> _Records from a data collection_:
-=-=-

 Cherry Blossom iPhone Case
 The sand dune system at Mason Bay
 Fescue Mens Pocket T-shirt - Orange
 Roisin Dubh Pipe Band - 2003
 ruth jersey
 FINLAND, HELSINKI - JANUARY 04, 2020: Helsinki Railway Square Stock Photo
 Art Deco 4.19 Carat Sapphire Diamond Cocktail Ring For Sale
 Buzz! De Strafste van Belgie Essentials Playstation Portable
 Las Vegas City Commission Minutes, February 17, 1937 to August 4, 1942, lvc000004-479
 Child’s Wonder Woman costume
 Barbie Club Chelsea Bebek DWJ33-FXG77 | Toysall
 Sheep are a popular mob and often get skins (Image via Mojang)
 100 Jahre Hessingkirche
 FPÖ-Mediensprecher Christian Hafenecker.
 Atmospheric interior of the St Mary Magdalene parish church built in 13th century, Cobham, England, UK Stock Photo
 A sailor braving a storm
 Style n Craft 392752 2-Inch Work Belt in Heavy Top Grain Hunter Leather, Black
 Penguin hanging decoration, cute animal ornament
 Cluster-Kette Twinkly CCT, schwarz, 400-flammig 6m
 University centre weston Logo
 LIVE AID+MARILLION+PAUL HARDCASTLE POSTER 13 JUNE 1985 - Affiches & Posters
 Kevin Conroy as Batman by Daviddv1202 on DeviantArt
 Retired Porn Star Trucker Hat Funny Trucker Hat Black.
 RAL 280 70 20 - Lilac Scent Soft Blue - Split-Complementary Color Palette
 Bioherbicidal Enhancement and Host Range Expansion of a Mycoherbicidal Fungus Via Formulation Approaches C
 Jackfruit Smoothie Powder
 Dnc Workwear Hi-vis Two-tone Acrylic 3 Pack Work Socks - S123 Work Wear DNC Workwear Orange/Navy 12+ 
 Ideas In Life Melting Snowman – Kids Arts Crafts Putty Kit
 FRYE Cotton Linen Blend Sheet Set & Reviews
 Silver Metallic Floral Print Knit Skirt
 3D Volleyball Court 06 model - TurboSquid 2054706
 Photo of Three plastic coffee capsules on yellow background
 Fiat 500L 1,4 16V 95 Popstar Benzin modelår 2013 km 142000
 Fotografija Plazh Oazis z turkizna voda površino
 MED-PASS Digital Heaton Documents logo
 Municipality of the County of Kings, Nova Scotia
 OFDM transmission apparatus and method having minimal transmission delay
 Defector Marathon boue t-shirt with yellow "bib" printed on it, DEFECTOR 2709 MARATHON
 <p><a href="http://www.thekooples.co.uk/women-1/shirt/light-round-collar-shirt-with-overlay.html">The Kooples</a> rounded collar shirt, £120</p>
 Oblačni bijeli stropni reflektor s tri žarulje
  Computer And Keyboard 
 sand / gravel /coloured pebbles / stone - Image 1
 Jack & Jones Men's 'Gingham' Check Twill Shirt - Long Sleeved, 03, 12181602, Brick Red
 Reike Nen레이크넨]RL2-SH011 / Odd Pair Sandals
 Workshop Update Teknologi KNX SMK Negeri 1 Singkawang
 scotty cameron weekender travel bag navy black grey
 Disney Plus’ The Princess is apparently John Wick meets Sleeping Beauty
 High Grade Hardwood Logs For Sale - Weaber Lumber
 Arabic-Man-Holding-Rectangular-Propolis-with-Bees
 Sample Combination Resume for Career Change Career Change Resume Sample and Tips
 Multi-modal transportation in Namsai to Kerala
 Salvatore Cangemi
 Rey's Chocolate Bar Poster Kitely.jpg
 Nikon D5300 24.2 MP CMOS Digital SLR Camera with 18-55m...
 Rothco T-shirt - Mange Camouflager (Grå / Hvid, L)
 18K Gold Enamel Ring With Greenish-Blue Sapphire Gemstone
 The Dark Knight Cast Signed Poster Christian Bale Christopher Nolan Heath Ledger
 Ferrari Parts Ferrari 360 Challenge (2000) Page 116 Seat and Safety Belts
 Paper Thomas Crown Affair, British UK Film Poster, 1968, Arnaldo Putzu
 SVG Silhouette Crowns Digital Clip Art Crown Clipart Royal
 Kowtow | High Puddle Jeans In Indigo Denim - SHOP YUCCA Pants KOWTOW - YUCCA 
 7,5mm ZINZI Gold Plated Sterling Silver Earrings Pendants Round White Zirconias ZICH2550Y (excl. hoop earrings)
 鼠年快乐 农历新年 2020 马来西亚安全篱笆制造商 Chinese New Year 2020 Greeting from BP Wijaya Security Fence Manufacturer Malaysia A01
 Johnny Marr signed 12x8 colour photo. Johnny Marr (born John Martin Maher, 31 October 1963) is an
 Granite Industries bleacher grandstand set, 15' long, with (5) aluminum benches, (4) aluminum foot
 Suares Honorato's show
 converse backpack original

-=-=-

> _What you should do_: Line by line, retype the records with no changes.

> _Result below_:
 Cherry Blossom iPhone Case
 The sand dune system at Mason Bay
 Fescue Mens Pocket T-shirt - Orange
 Roisin Dubh Pipe Band - 2003
 ruth jersey
 FINLAND, HELSINKI - JANUARY 04, 2020: Helsinki Railway Square Stock Photo
 Art Deco 4.19 Carat Sapphire Diamond Cocktail Ring For Sale
 Buzz! De Strafste van Belgie Essentials Playstation Portable
 Las Vegas City Commission Minutes, February 17, 1937 to August 4, 1942, lvc000004-479
 Child’s Wonder Woman costume
 Barbie Club Chelsea Bebek DWJ33-FXG77 | Toysall
 Sheep are a popular mob and often get skins (Image via Mojang)
 100 Jahre Hessingkirche
 FPÖ-Mediensprecher Christian Hafenecker.
 Atmospheric interior of the St Mary Magdalene parish church built in 13th century, Cobham, England, UK Stock Photo
 A sailor braving a storm
 Style n Craft 392752 2-Inch Work Belt in Heavy Top Grain Hunter Leather, Black
 Penguin hanging decoration, cute animal ornament
 Cluster-Kette Twinkly CCT, schwarz, 400-flammig 6m
 University centre weston Logo
 LIVE AID+MARILLION+PAUL HARDCASTLE POSTER 13 JUNE 1985 - Affiches & Posters
 Kevin Conroy as Batman by Daviddv1202 on DeviantArt
 Retired Porn Star Trucker Hat Funny Trucker Hat Black.
 RAL 280 70 20 - Lilac Scent Soft Blue - Split-Complementary Color Palette
 Bioherbicidal Enhancement and Host Range Expansion of a Mycoherbicidal Fungus Via Formulation Approaches C
 Jackfruit Smoothie Powder
 Dnc Workwear Hi-vis Two-tone Acrylic 3 Pack Work Socks - S123 Work Wear DNC Workwear Orange/Navy 12+ 
 Ideas In Life Melting Snowman – Kids Arts Crafts Putty Kit
 FRYE Cotton Linen Blend Sheet Set & Reviews
 Silver Metallic Floral Print Knit Skirt
 3D Volleyball Court 06 model - TurboSquid 2054706
 Photo of Three plastic coffee capsules on yellow background
 Fiat 500L 1,4 16V 95 Popstar Benzin modelår 2013 km 142000
 Fotografija Plazh Oazis z turkizna voda površino
 MED-PASS Digital Heaton Documents logo
 Municipality of the County of Kings, Nova Scotia
 OFDM transmission apparatus and method having minimal transmission delay
 Defector Marathon boue t-shirt with yellow "bib" printed on it, DEFECTOR 2709 MARATHON
 <p><a href="http://www.thekooples.co.uk/women-1/shirt/light-round-collar-shirt-with-overlay.html">The Kooples</a> rounded collar shirt, £120</p>
 Oblačni bijeli stropni reflektor s tri žarulje
  Computer And Keyboard 
 sand / gravel /coloured pebbles / stone - Image 1
 Jack & Jones Men's 'Gingham' Check Twill Shirt - Long Sleeved, 03, 12181602, Brick Red
 Reike Nen레이크넨]RL2-SH011 / Odd Pair Sandals
 Workshop Update Teknologi KNX SMK Negeri 1 Singkawang
 scotty cameron weekender travel bag navy black grey
 Disney Plus’ The Princess is apparently John Wick meets Sleeping Beauty
 High Grade Hardwood Logs For Sale - Weaber Lumber
 Arabic-Man-Holding-Rectangular-Propolis-with-Bees
 Sample Combination Resume for Career Change Career Change Resume Sample and Tips
 Multi-modal transportation in Namsai to Kerala
 Salvatore Cangemi
 Rey's Chocolate Bar Poster Kitely.jpg
 Nikon D5300 24.2 MP CMOS Digital SLR Camera with 18-55m...
 Rothco T-shirt - Mange Camouflager (Grå / Hvid, L)
 18K Gold Enamel Ring With Greenish-Blue Sapphire Gemstone
 The Dark Knight Cast Signed Poster Christian Bale Christopher Nolan Heath Ledger
 Ferrari Parts Ferrari 360 Challenge (2000) Page 116 Seat and Safety Belts
 Paper Thomas Crown Affair, British UK Film Poster, 1968, Arnaldo Putzu
 SVG Silhouette Crowns Digital Clip Art Crown Clipart Royal
 Kowtow | High Puddle Jeans In Indigo Denim - SHOP YUCCA Pants KOWTOW - YUCCA 
 7,5mm ZINZI Gold Plated Sterling Silver Earrings Pendants Round White Zirconias ZICH2550Y (excl. hoop earrings)
 鼠年快乐 农历新年 2020 马来西亚安全篱笆制造商 Chinese New Year 2020 Greeting from BP Wijaya Security Fence Manufacturer Malaysia A01
 Johnny Marr signed 12x8 colour photo. Johnny Marr (born John Martin Maher, 31 October 1963) is an
 Granite Industries bleacher grandstand set, 15' long, with (5) aluminum benches, (4) aluminum foot
 Suares Honorato's show
 converse backpack original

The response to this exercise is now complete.